TASK DETAILS
Beginning at the line that contains "13. Tighten the wheel bolts with your", write out every line down to the end of the records, with both ends kept and nothing added.

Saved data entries
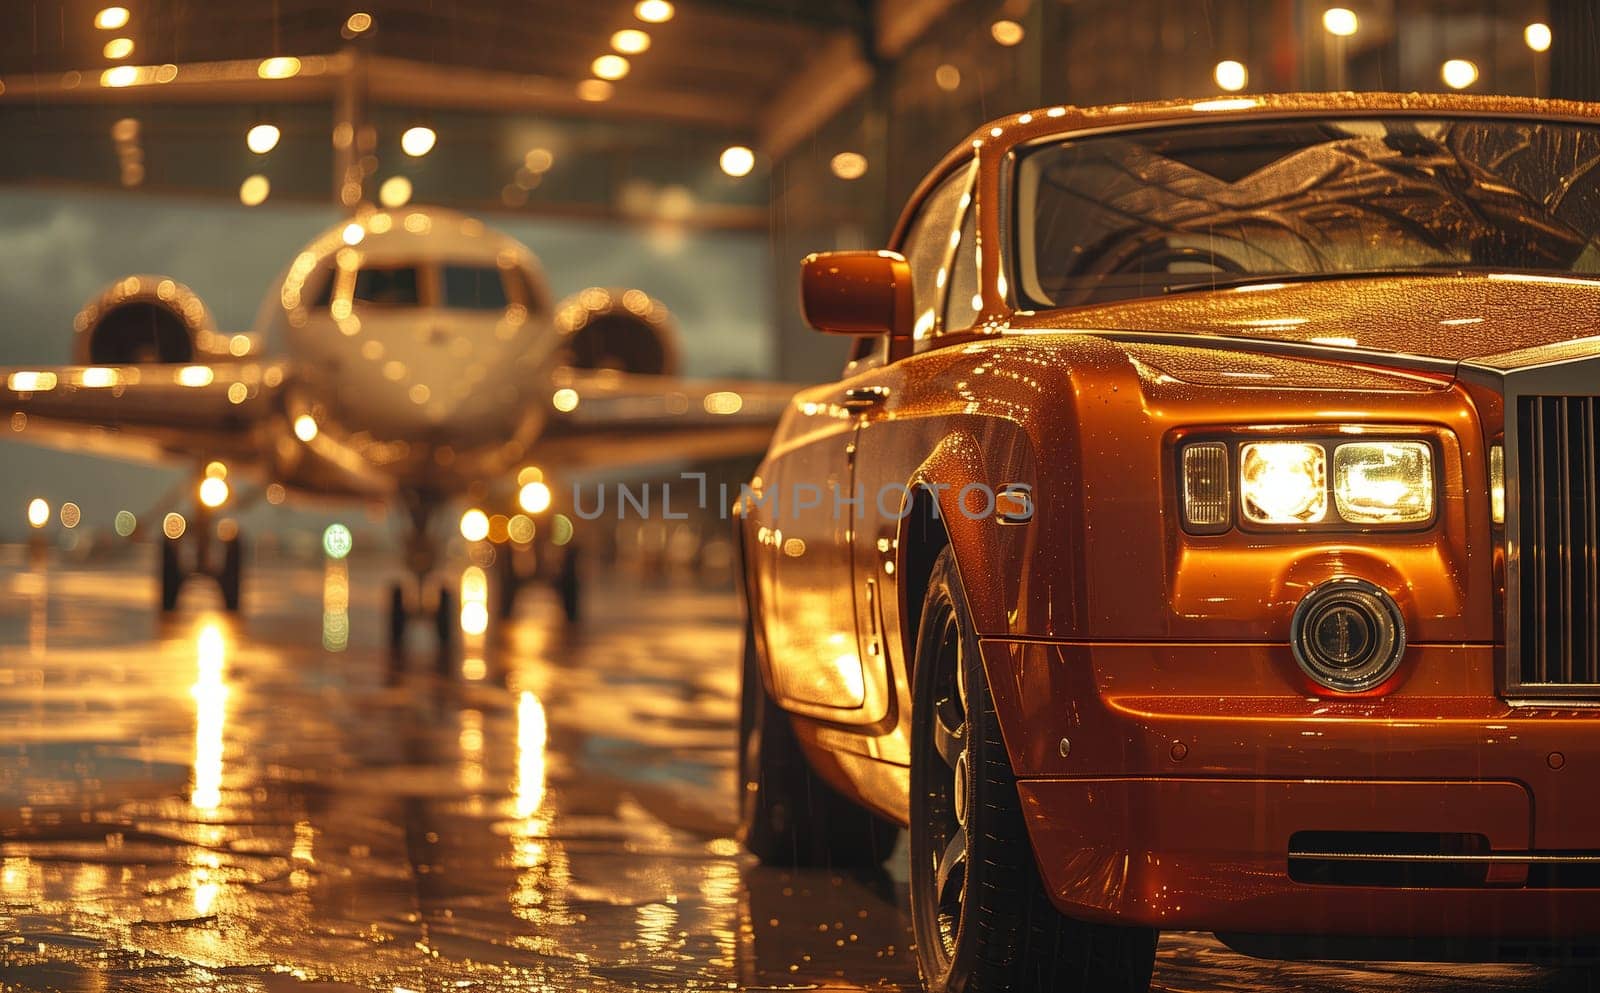 A car is parked in front of a private jet, displaying its Automotive lighting and sleek design next to the towering aircraft
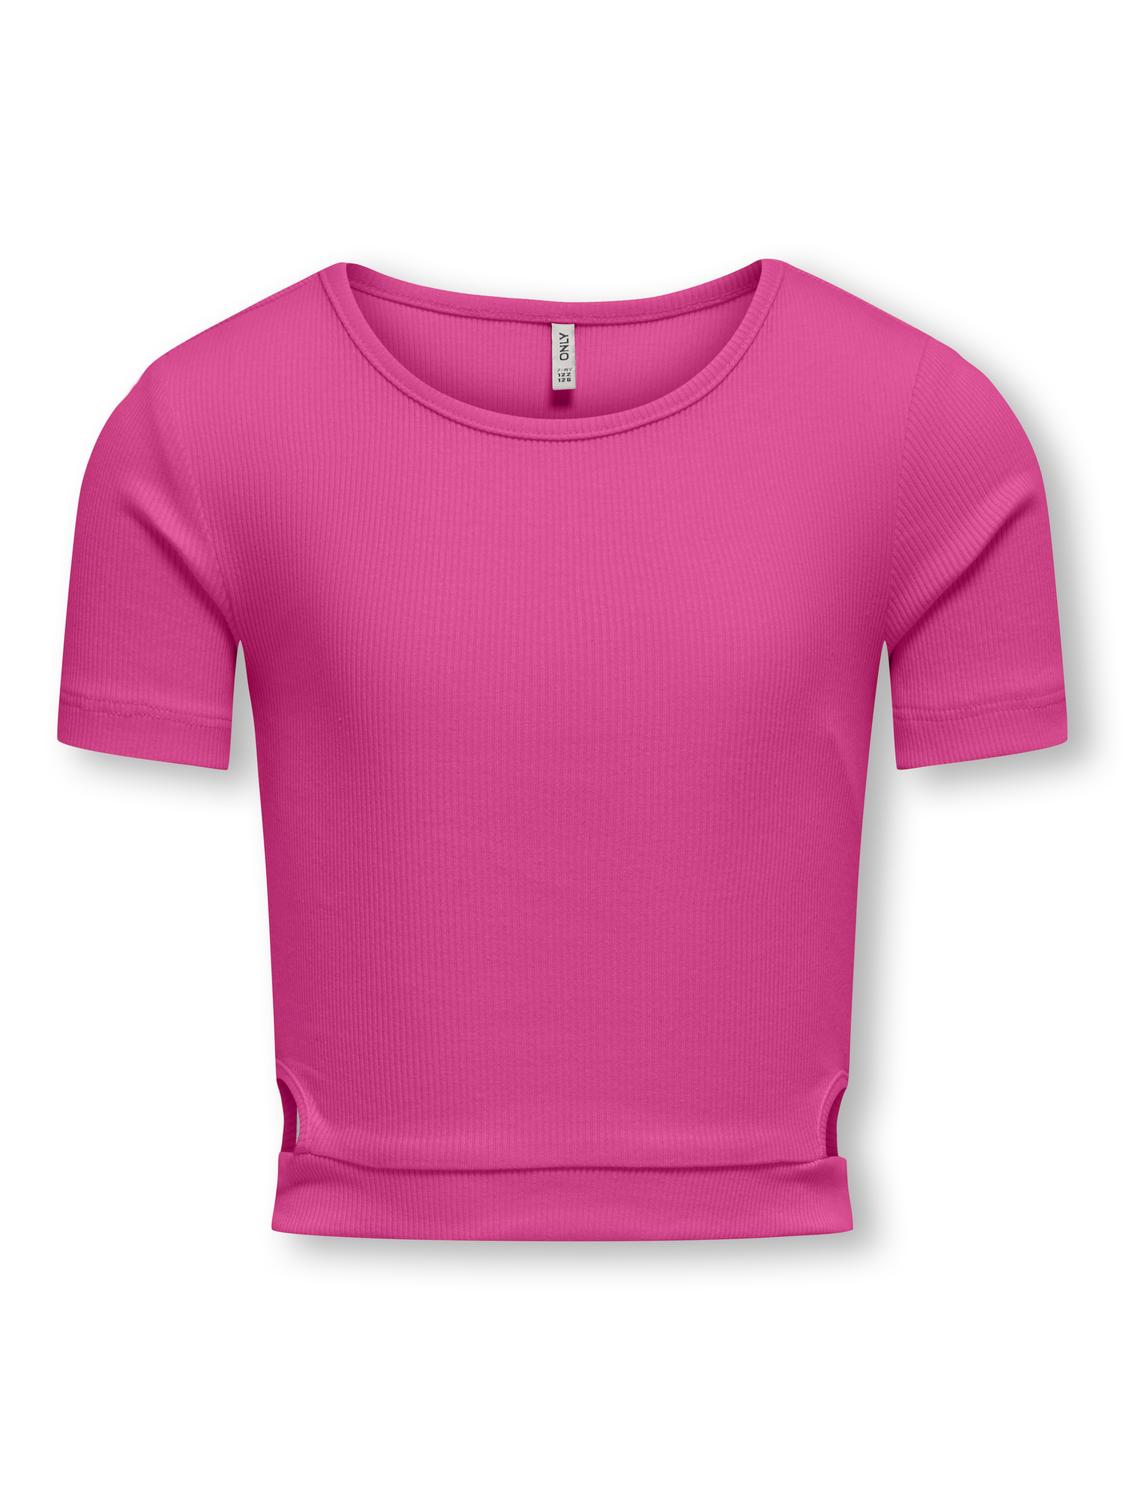 ONLY Tight fit O-hals Top -Raspberry Rose - 15313690
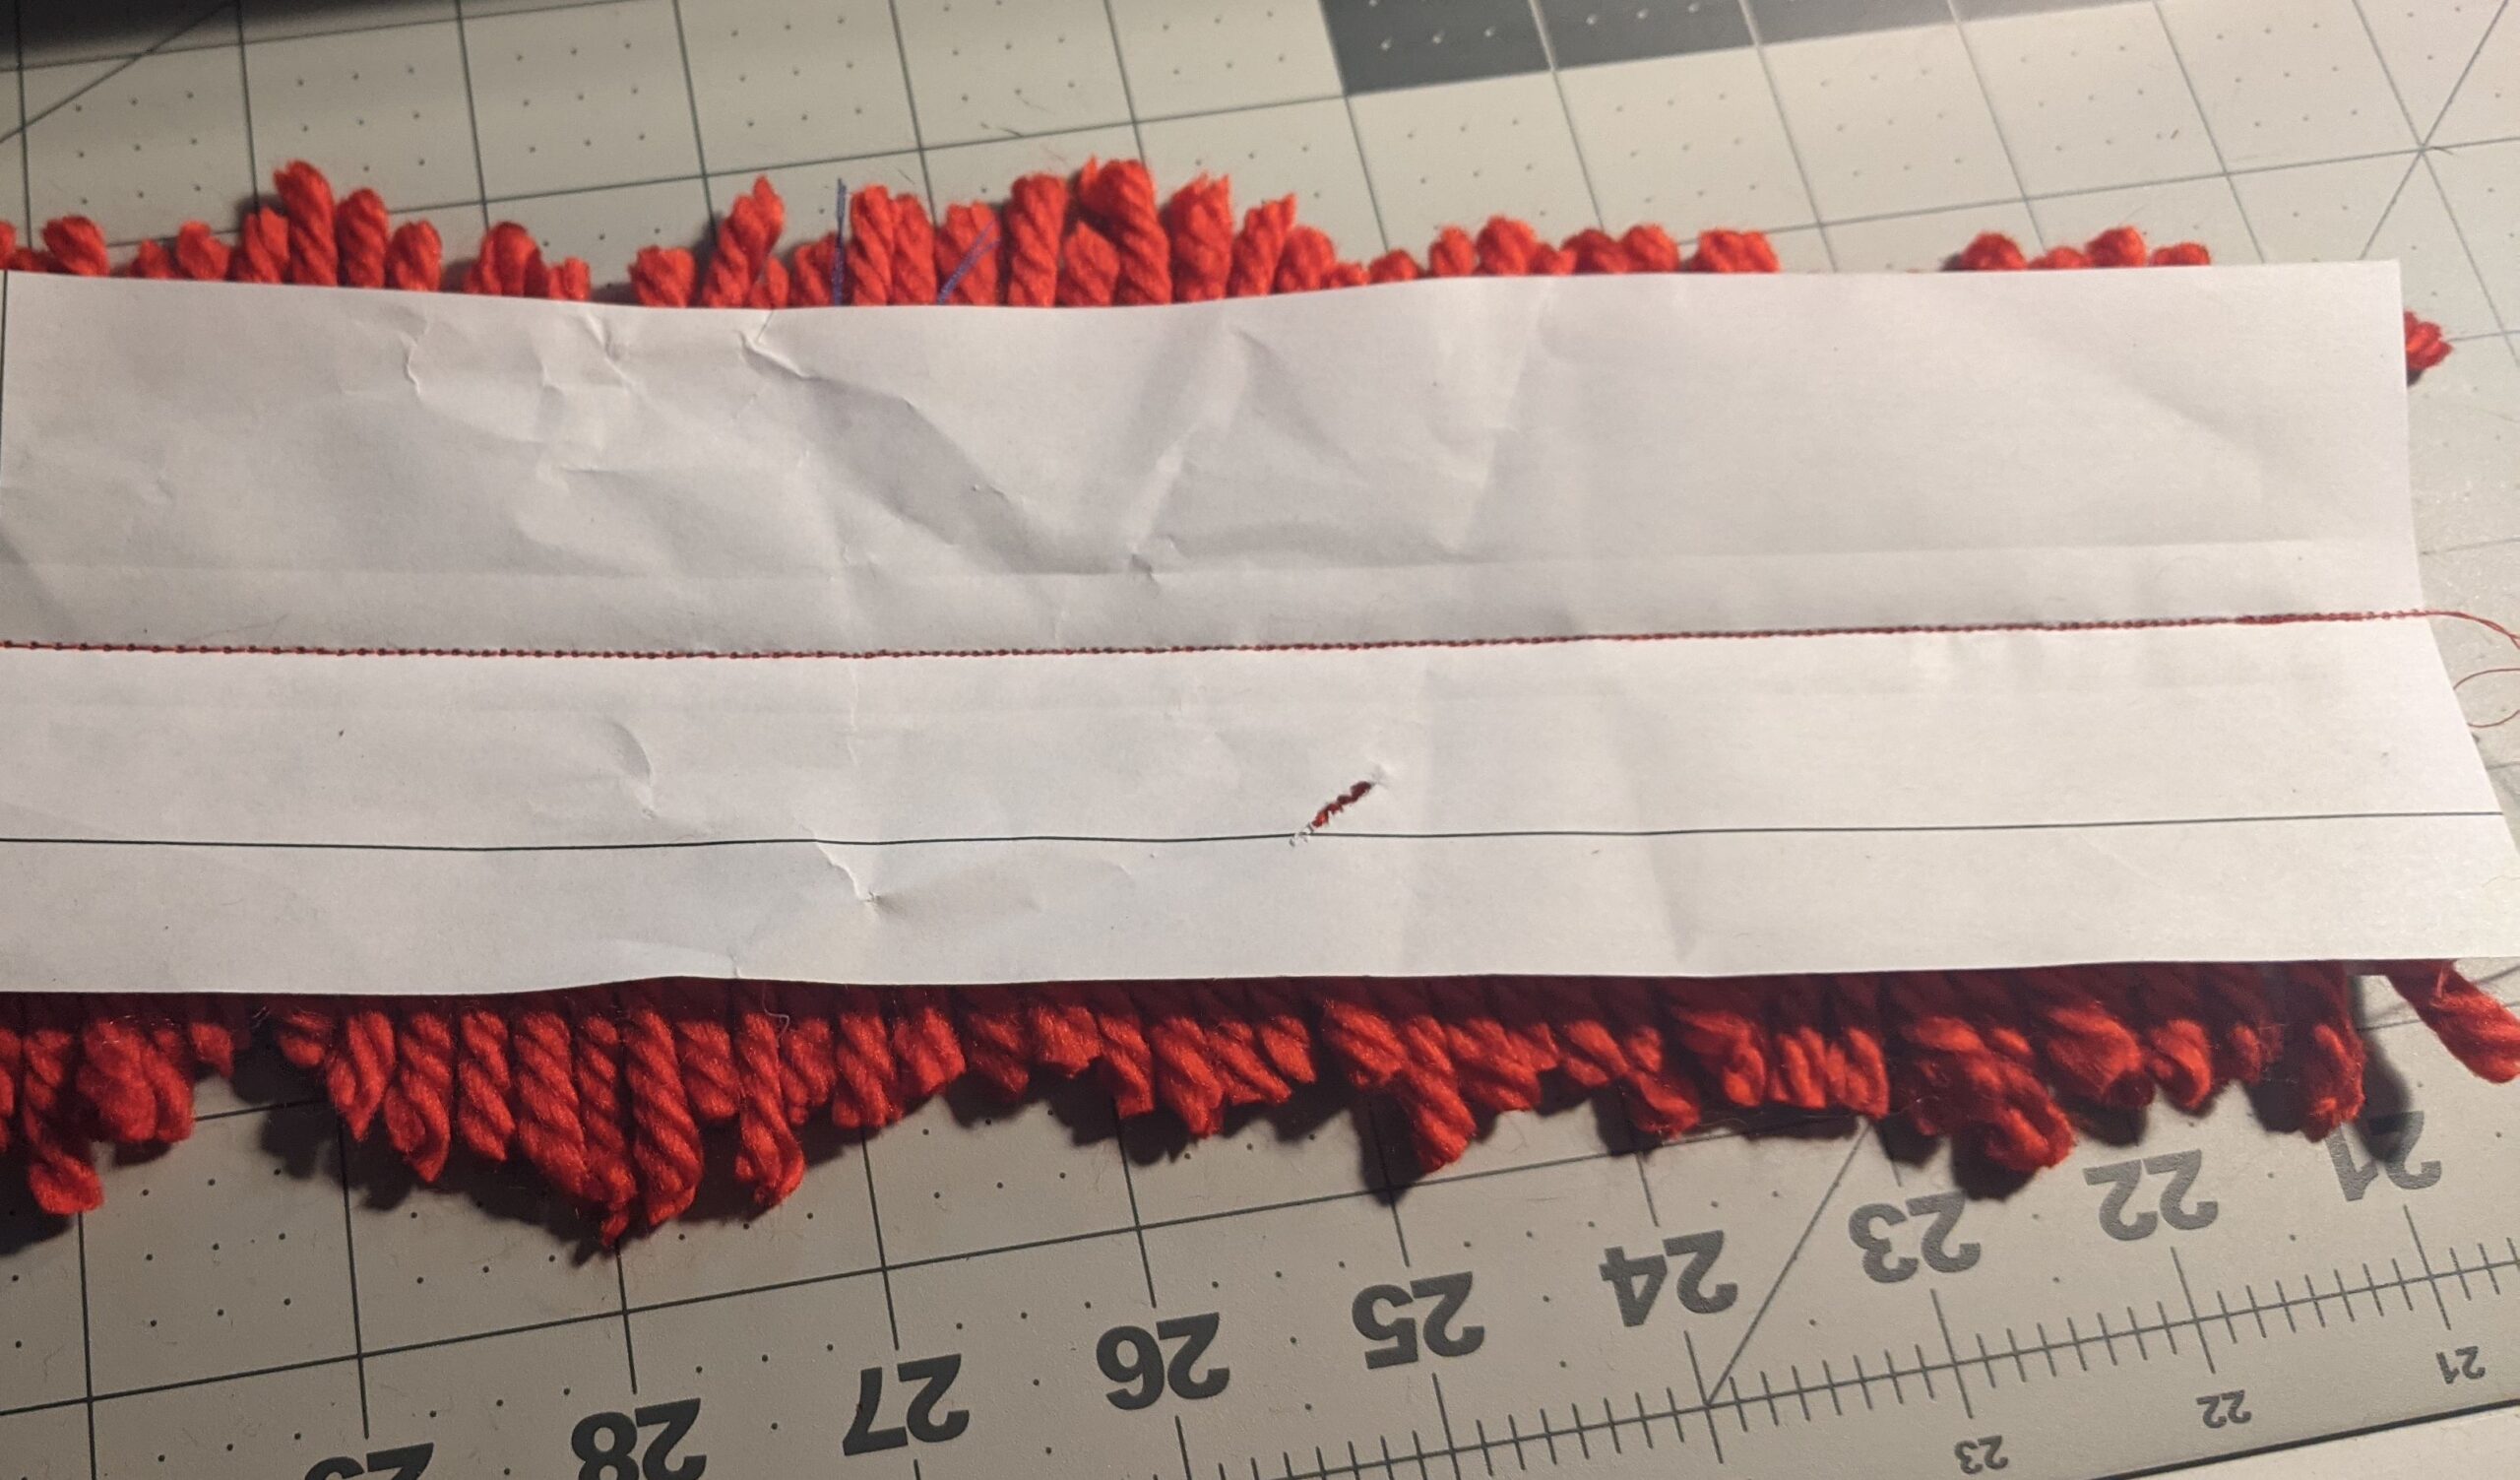 Red yard sewn side by-side to paper, showing stitching. On a cutting board.
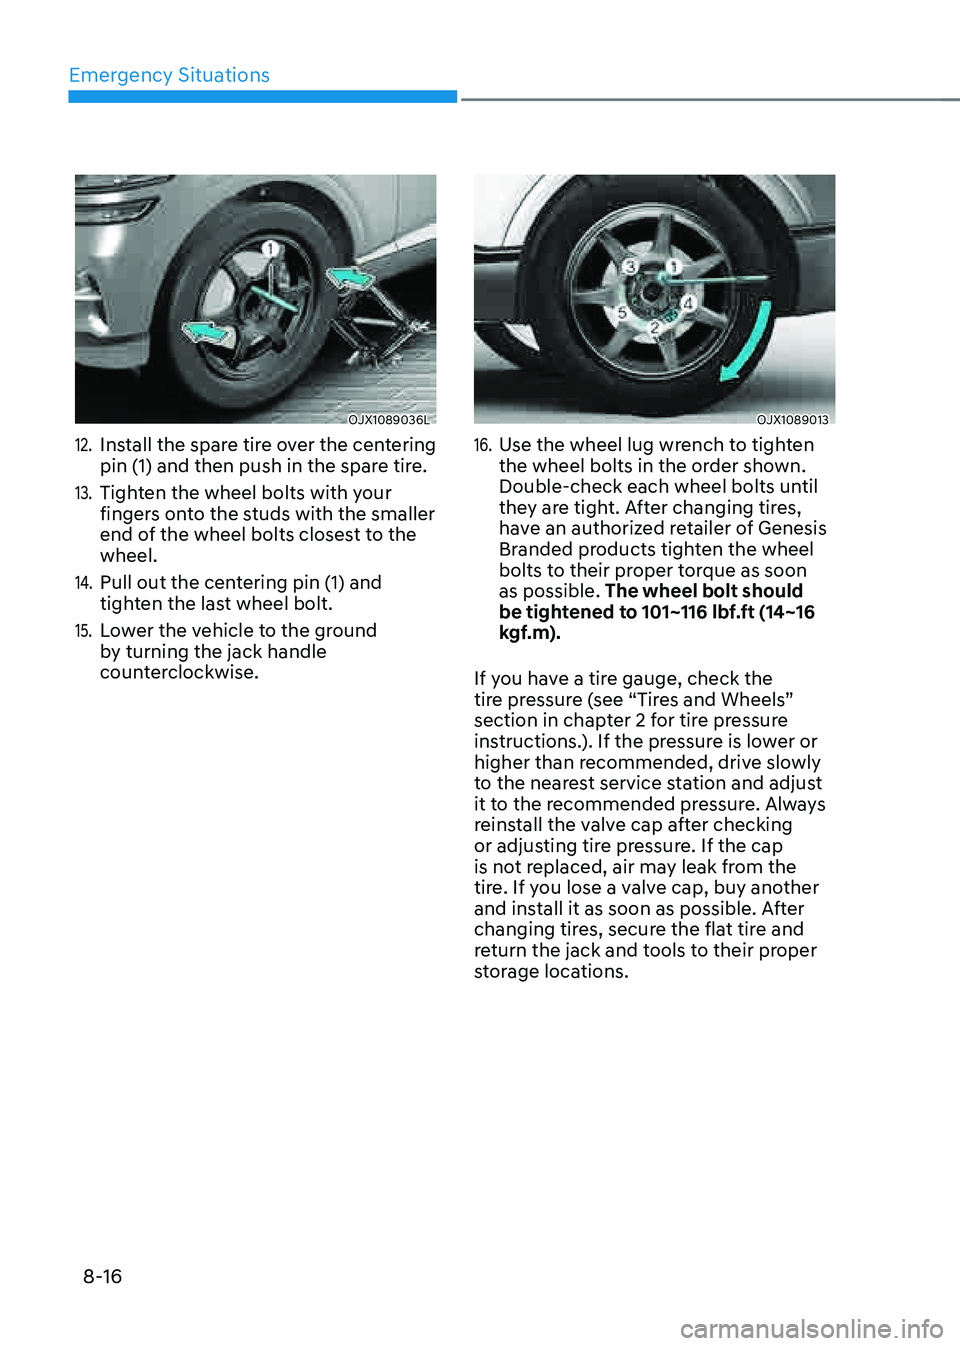 GENESIS GV80 2021  Owners Manual Emergency Situations
8-16
OJX1089036LOJX1089036L
12. Install the spare tire over the centering 
pin (1) and then push in the spare tire. 
13. Tighten the wheel bolts with your 
fingers onto the studs

RESPONSE
13. Tighten the wheel bolts with your 
fingers onto the studs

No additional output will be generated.